Transform PDF tables into clean JSON data structures ready for your database, API, or analytics pipeline.
Stop copying PDF tables cell by cell into your database. Whether you're processing invoices, financial reports, or research data, manually transferring table data wastes hours and introduces errors. You need that quarterly sales report in your analytics pipeline, those invoice line items in your accounting system, and those research results in your data warehouse, all in clean, structured JSON.

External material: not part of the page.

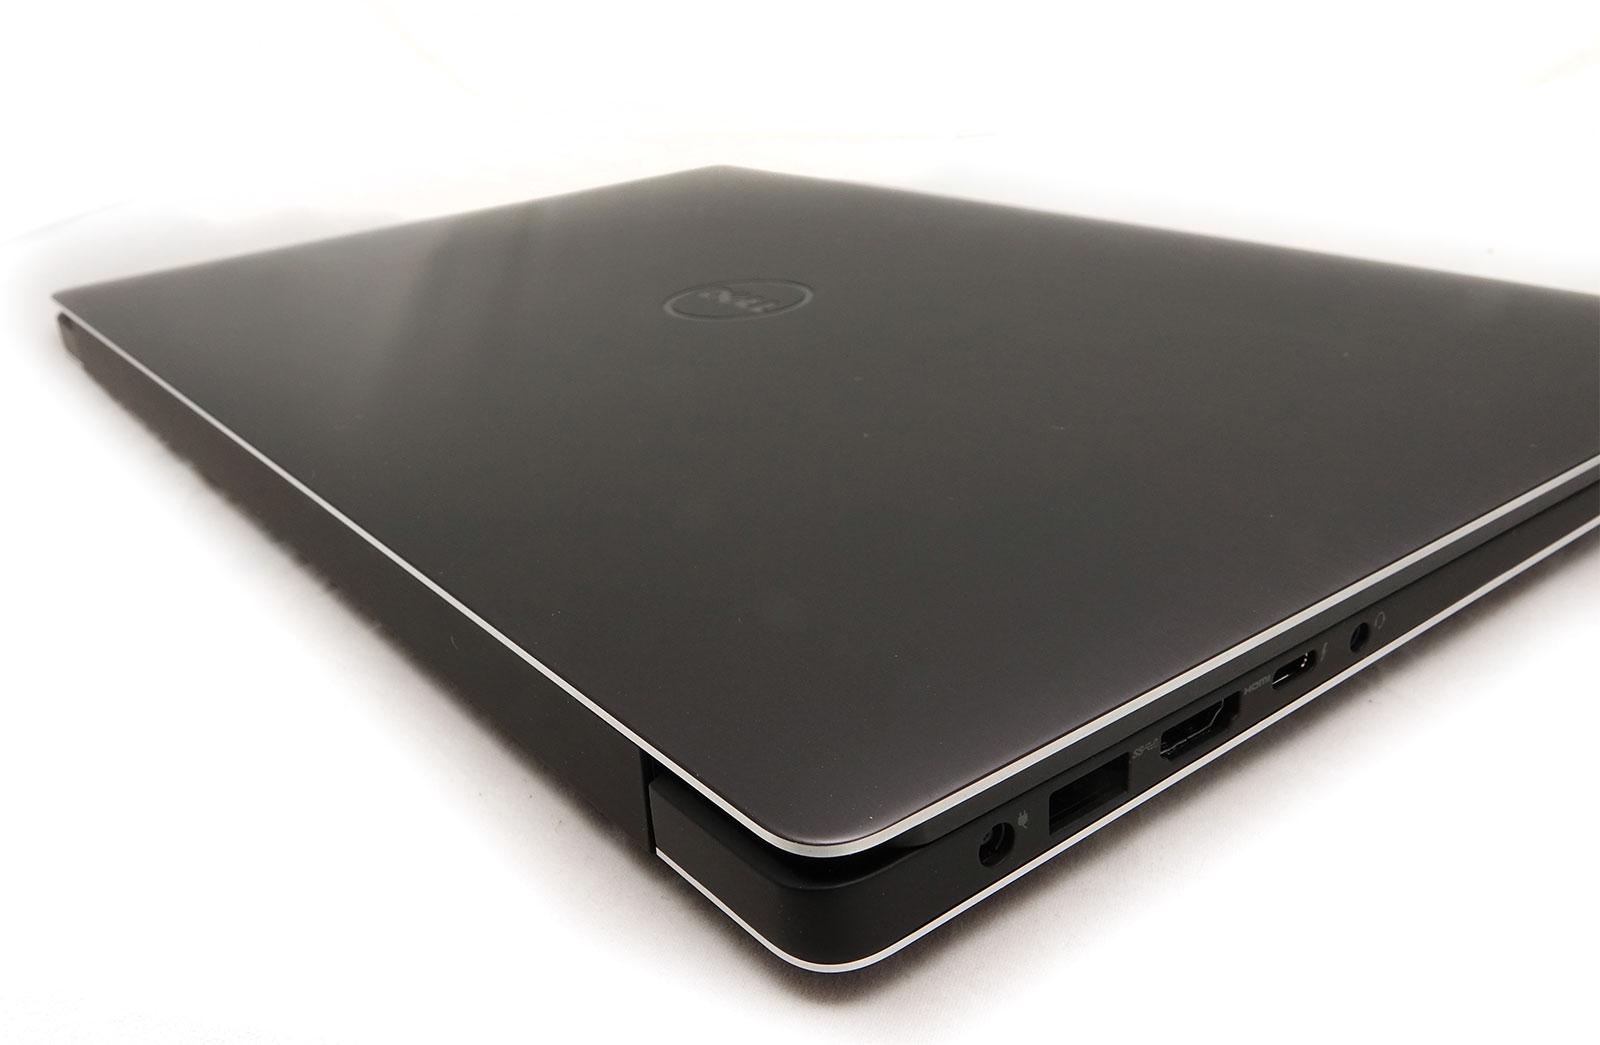 Review: Dell Precision 5520 (20th Anniversary Edition) – Pickr

Understanding PDF Table Structure
PDF tables aren't stored as tables. They're collections of positioned text elements that happen to look like tables when rendered. Each cell is just text at specific x,y coordinates. The visual alignment creates the illusion of structure, but there's no underlying table object to query.
Common table formats challenge extraction tools differently. Simple tables with clear borders and consistent spacing extract cleanly. Tables with merged cells require intelligent parsing to understand which cells span multiple columns or rows. Nested tables, where cells contain sub-tables, demand recursive extraction strategies.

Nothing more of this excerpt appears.